• **Exercise**
Write the data out again exactly, dropping any images it holds.

• **Available data**
*** Block opens ***

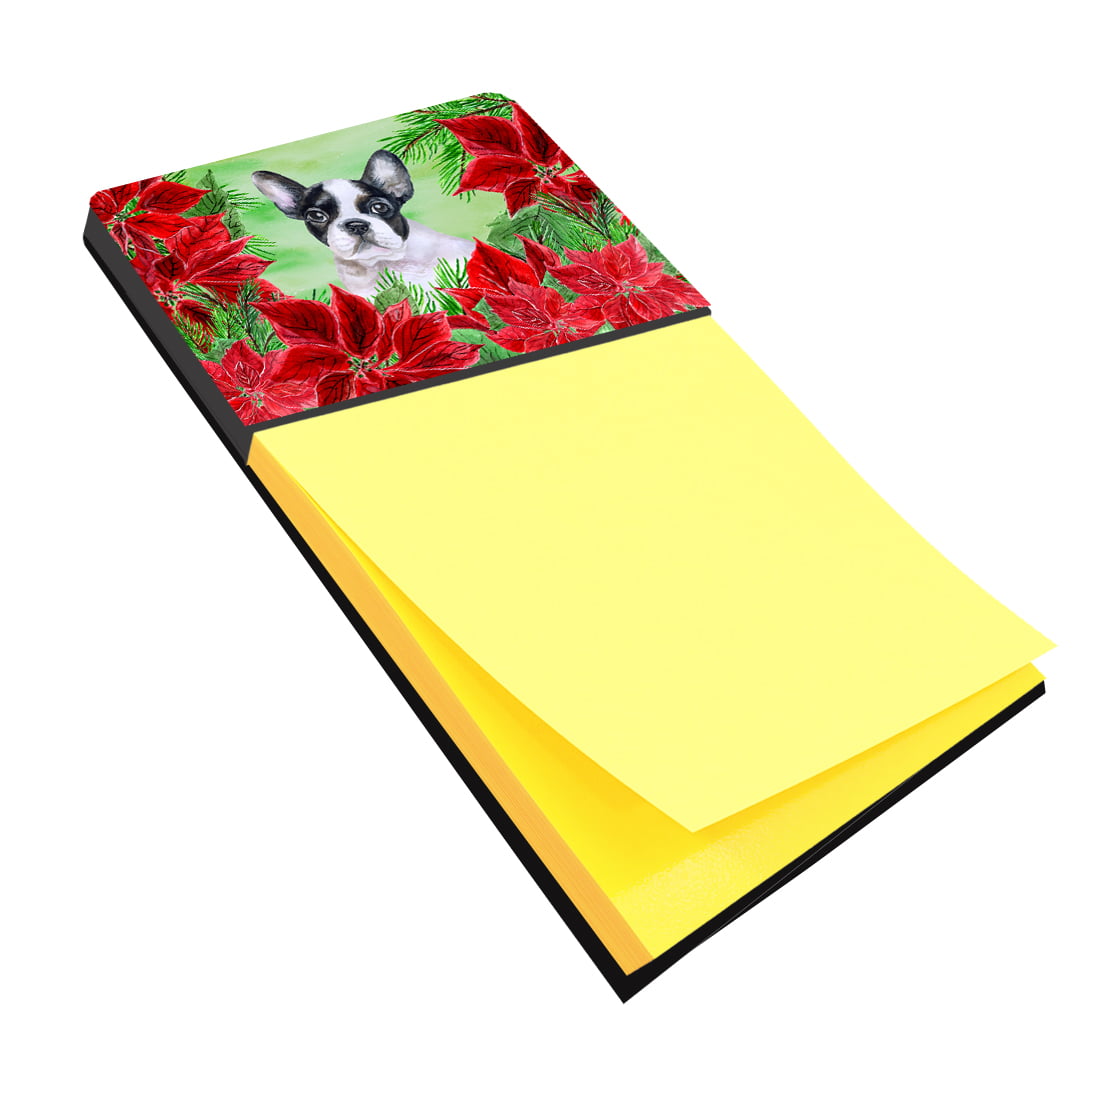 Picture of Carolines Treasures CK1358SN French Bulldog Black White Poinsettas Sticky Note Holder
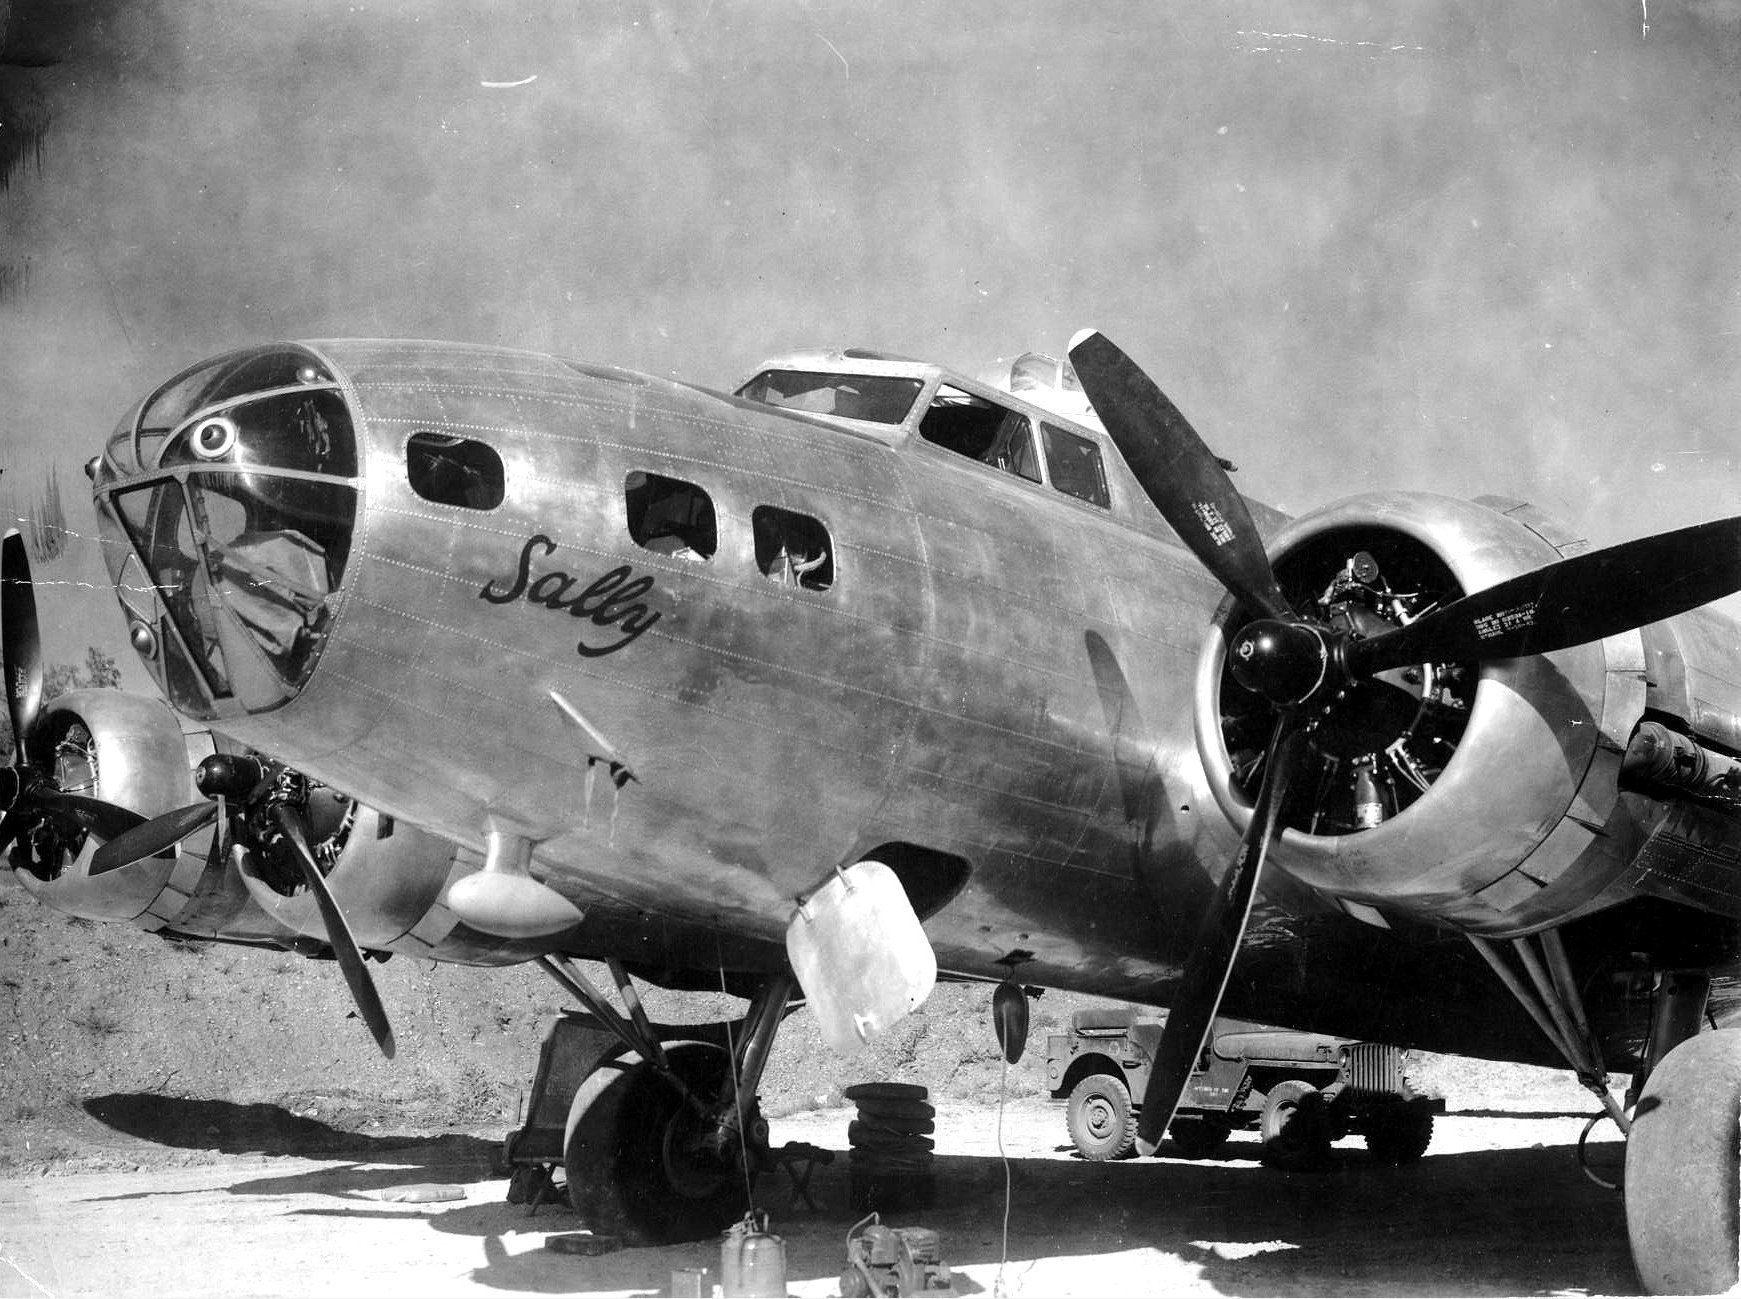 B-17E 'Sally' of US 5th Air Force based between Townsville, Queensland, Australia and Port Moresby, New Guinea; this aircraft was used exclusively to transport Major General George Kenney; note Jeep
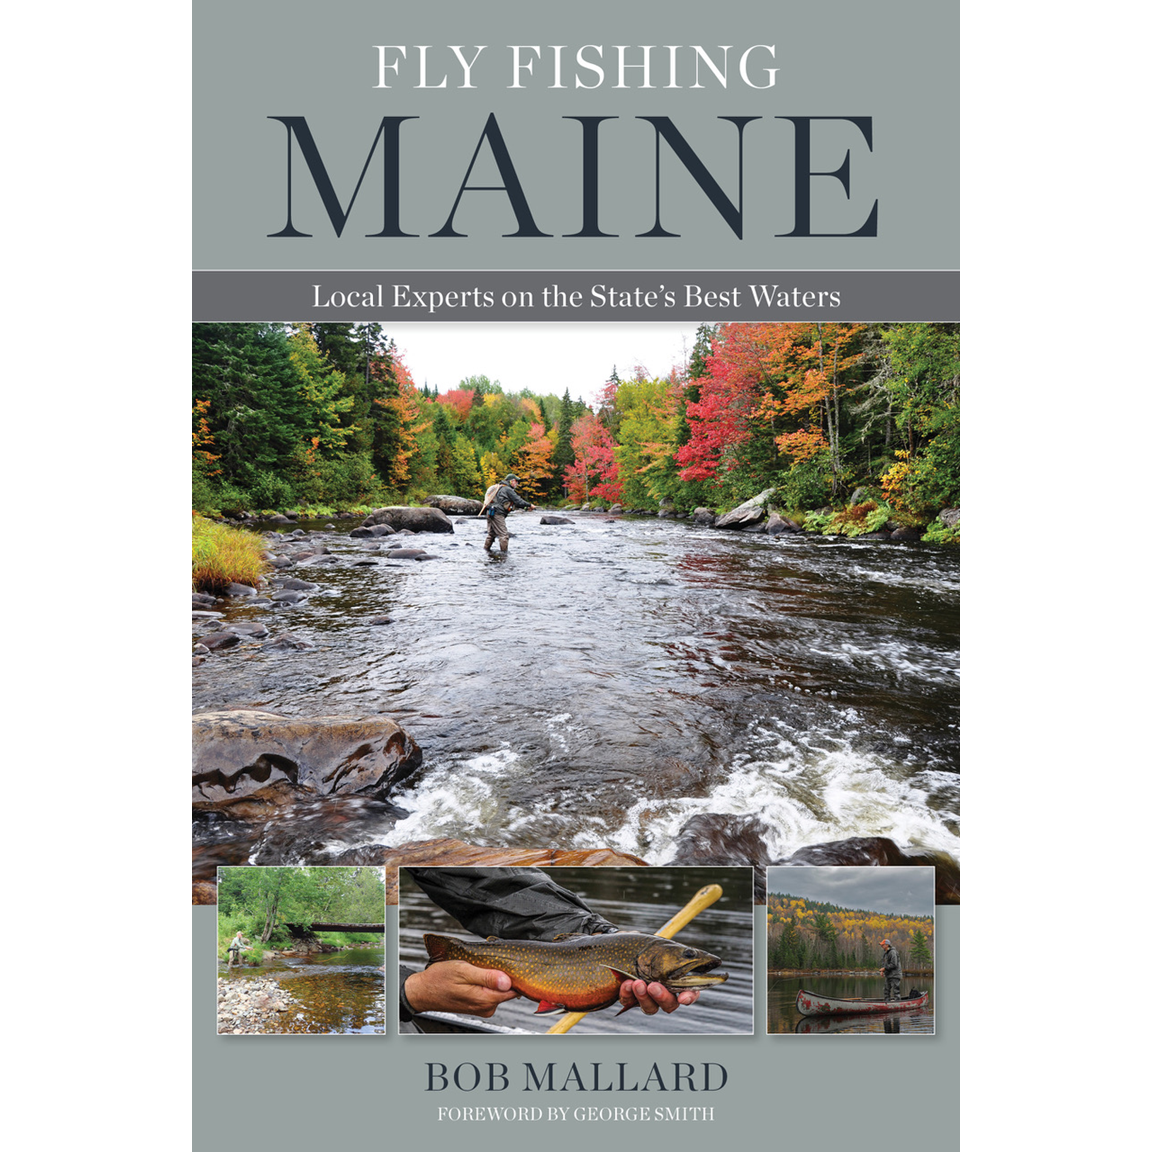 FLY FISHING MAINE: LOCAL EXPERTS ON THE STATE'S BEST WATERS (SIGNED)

*** Block closes ***

• **Exercise response**
 Picture of Carolines Treasures CK1358SN French Bulldog Black White Poinsettas Sticky Note Holder
 B-17E 'Sally' of US 5th Air Force based between Townsville, Queensland, Australia and Port Moresby, New Guinea; this aircraft was used exclusively to transport Major General George Kenney; note Jeep
 FLY FISHING MAINE: LOCAL EXPERTS ON THE STATE'S BEST WATERS (SIGNED)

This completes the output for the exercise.